Main problem is I cant control the login screen I would like to know if theres a way arround that.

Also I need a faster way(than GDI+) to scale the images before sending, I'm hoping SlimDX can speed this up using the GPU

Is there a relatively easy way to use SlimDX to capture the screen and display it remotely thats at least as fast as using bitblt, GDI+ and bitmaps?

##### Share on other sites
Vortez    2714

Use dx to scale your image, not GDI, it will be super fast. I have a similar working project and that's what i do, execpt i use OpenGL but it's almost the same thing.

For the cpu, i don't really see any way other than add a sleep before or after you capture the screen. It might be a bit slower, but keep in mind that your image is going to

be streamed on the network anyway, which isn't that fast. In fact, i multithreaded mine so, after sending a screenshot, it start a thread to make the next one, while the current one is being sent. Keep in mind though that multithreading add some complexity like syncronisation but i think it's easier in c# than c++, like i did.

good luck

Edited by Vortez

##### Share on other sites
David Lake    117

Thanks, I can easily slow it down but ultimately I want it to go faster without using 2 whole cores.

I'm looking for code samples for speedy transfer of screen capture, possibly with SlimDX, over the network.

I have tried it before but it was too slow because I had to turn it into a Drawing.Bitmap but if theres a way to avoid System.Drawing all together and convert the sprite or whatever it was into a byte array to send it over the network that might make it faster.

Also I'm a complete n00b when it comes to any sort of GPU programming but if I could process and compress the frames on the GPU that would be nerdgasmtastic!

Edited by David Lake

##### Share on other sites
Vortez    2714

I don't know c# very well, but in c++ i have direct access to the bitmap buffer memory so i don't know.

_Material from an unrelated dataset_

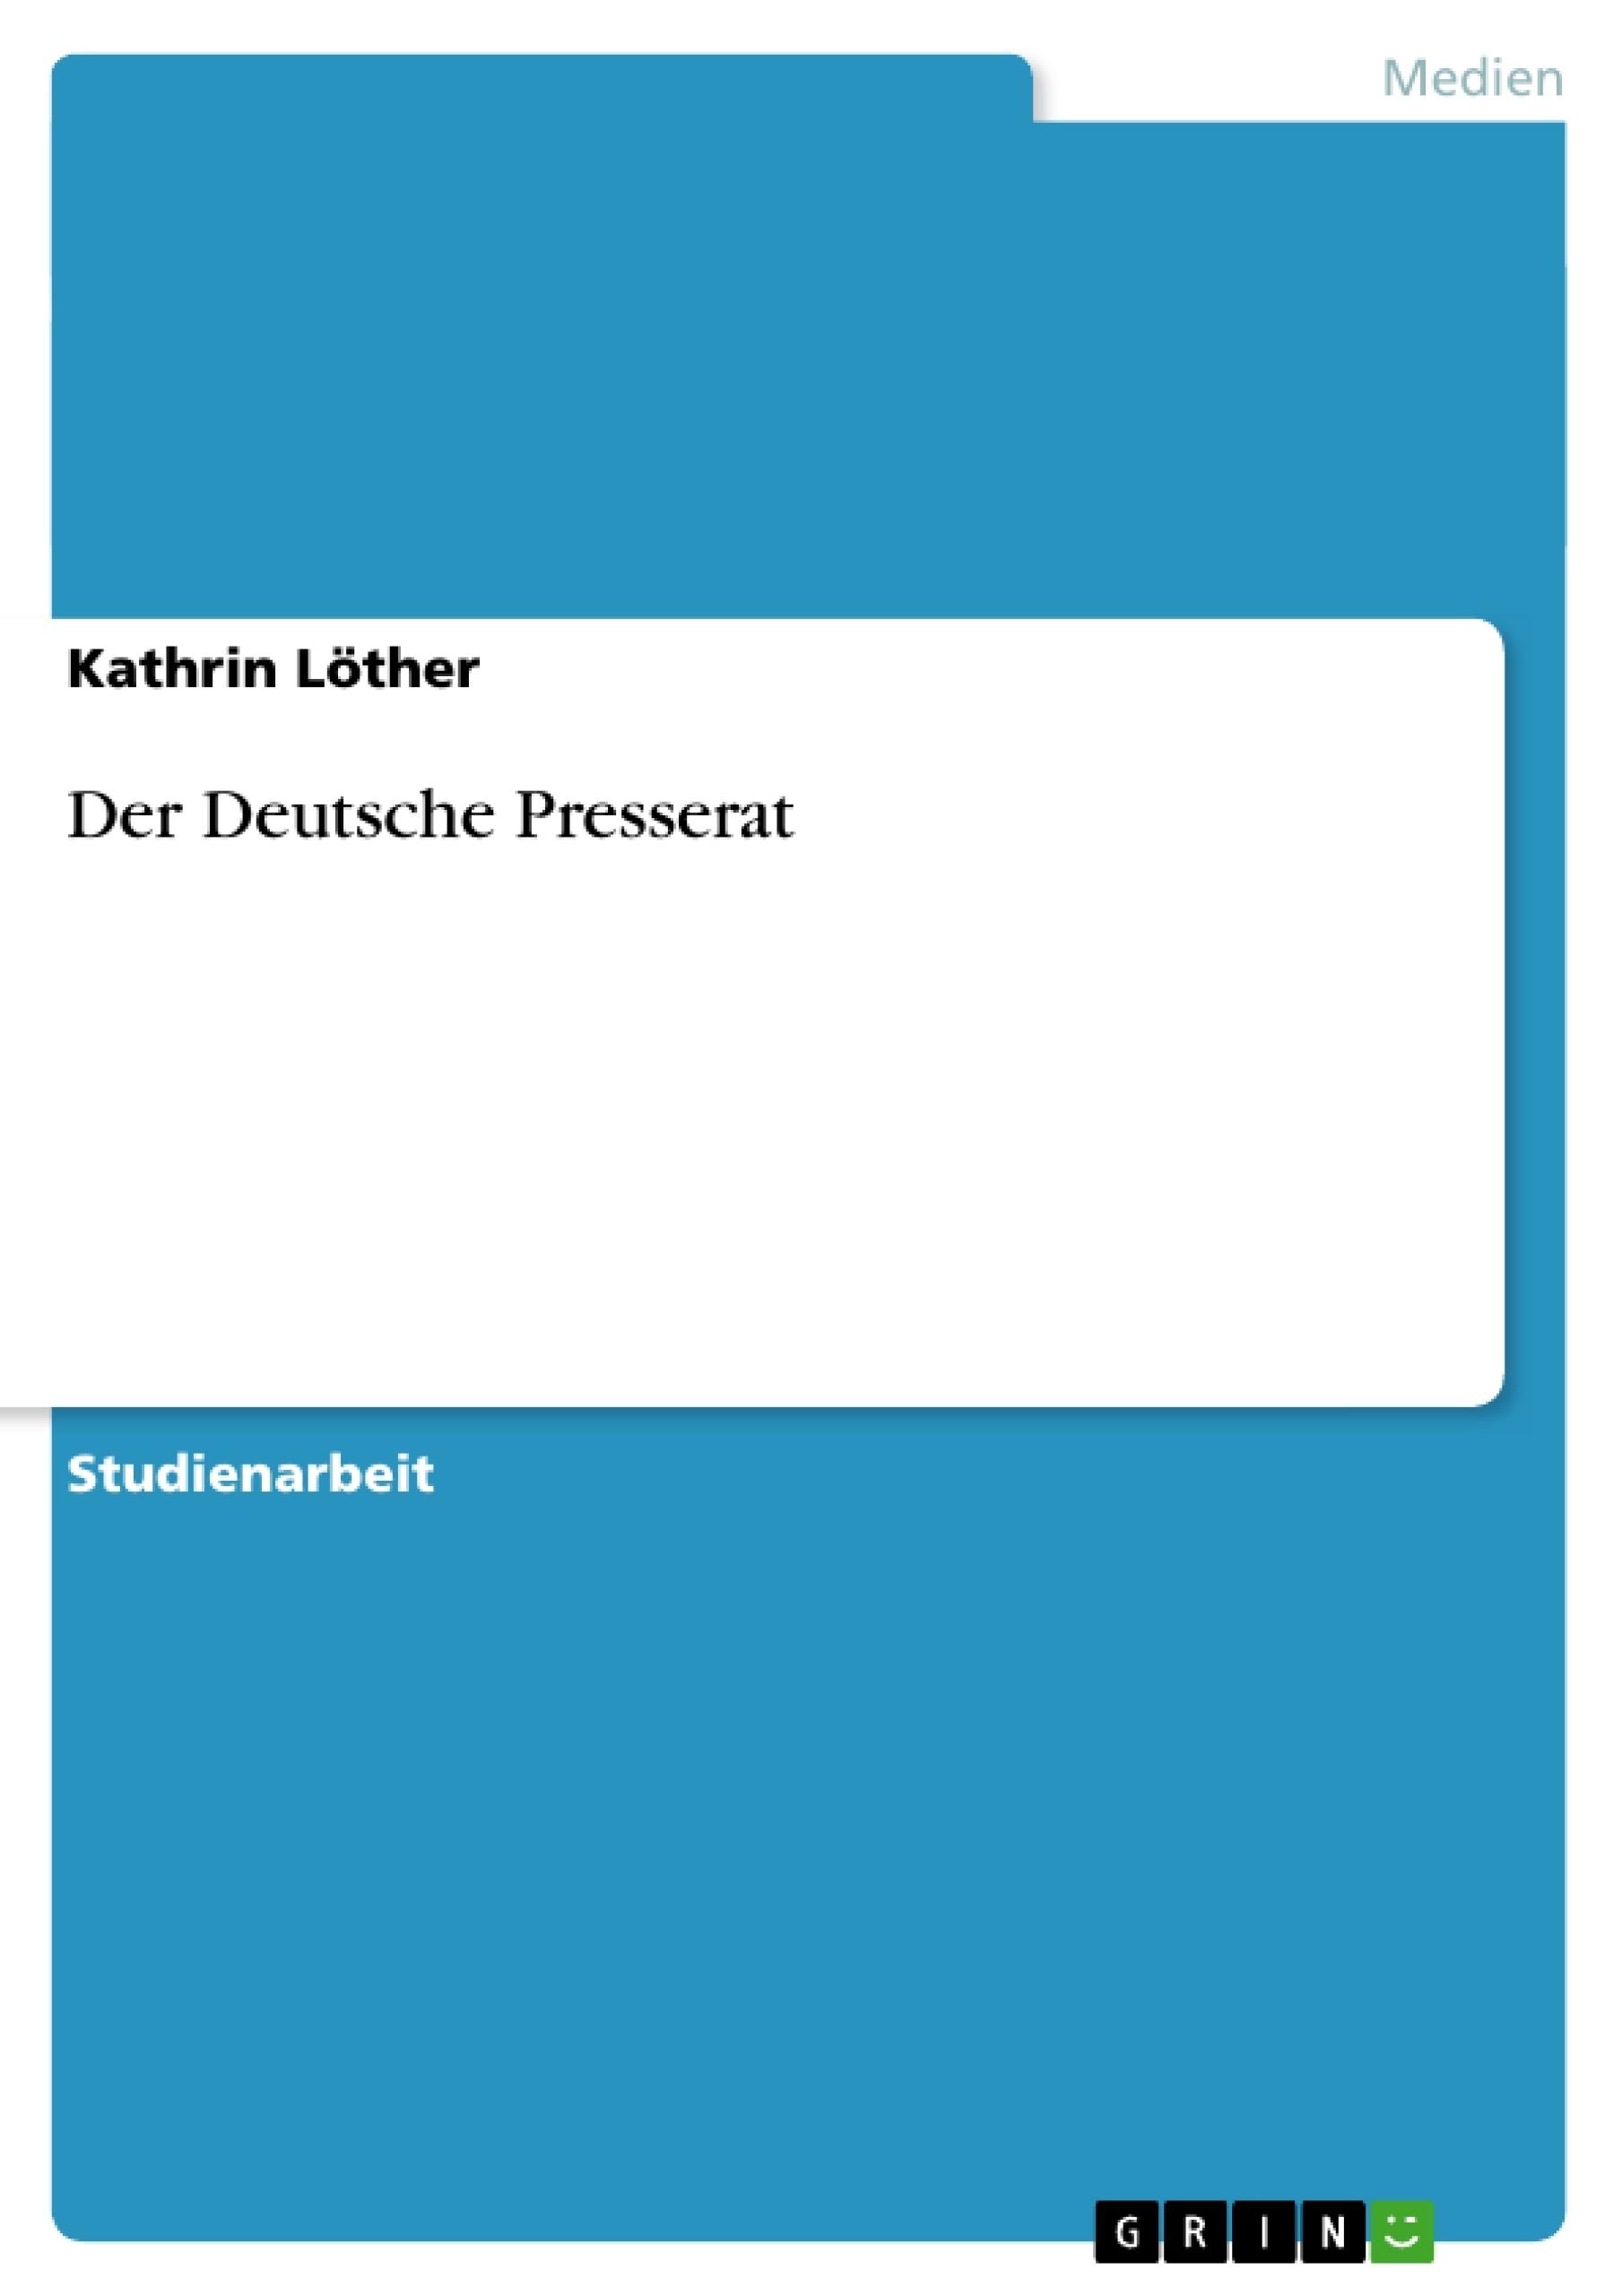 Titel: Der Deutsche Presserat

Im using Delphi for the interface part and a c++ dll to do the hard work (networking, screenshot, hooks, compression).

Not sure if compression on the gpu is fesable, im using zlib to compress mine, but the real speed up isn't that. In fact, i use a QuadTree, basically, i split the image in 4 like 4 or 5 times, then i check wich block have changed, and send only the part that changed. The quadtree is used to send different sized part of the images to the other side, so i only need to update some part of the texture most of the time, and, if nothing changed, it just send an empty screenshot message. It's a bit complex but the best optimization i've found yet.

It's a bit the same thing you do when optimizing a terrain mesh using quadtree but with an image instead. I also tried using mp1 compression to send frames, like a movie, and it worked, but the image is blurry, and it's slower than my other method so i don't see any reason to use it.

Let directx do the scaling for you. And make sure to replace, not recreate, the texture each time you receive a screenshot, it's way faster this way.

Edited by Vortez

##### Share on other sites

The main problem with using the GPU for this is that the transfers to and from the GPU are relatively slow - the CPU can read and write memory faster. This means unless the processing required is expensive then it probably won't help compared to some optimized CPU code. However if you want to go that way you may find http://forums.getpaint.net/index.php?/topic/18989-gpu-motion-blur-effect-using-directcompute/ useful, there's some source code available there.

For data compression I'd go with using the xor operator on pairs of adjacent frames. The result will be zeros where they are identical. You can then apply zlib to the results, which should compress all those zeros really well. Reconstructing at the other end is done with xor too. As the xor operator is really cheap that should be reasonably quick to do even on a CPU.

To cut down CPU load make sure you have a frame rate limiter in there. There's no point processing more than 60 frames per second, and you can probably get away with far less than that.

##### Share on other sites
David Lake    117

I store the previous frame and zero ARGB of any unchanged pixils (xor), then compress twice with QuickLZ this makes highly compressible frames much smaller then a single compression, all the processing is done by an optimized dll built using the Intel C++ compiler.

Then when displaying the frame (in a picturebox with GDI+) I simply draw over the previous one and since the alpha of the unchanged pixels is zero, the unchanged pixels of the previous frame remain (ingenious I know!).

Whats the fastest way to capture the screen, scale it and get the frame into a byte array using the GPU then display it without using GDI which I find slows down when rendering at a high resolution such as 1920x1200 even on an i7 3820 at 4.3GHz?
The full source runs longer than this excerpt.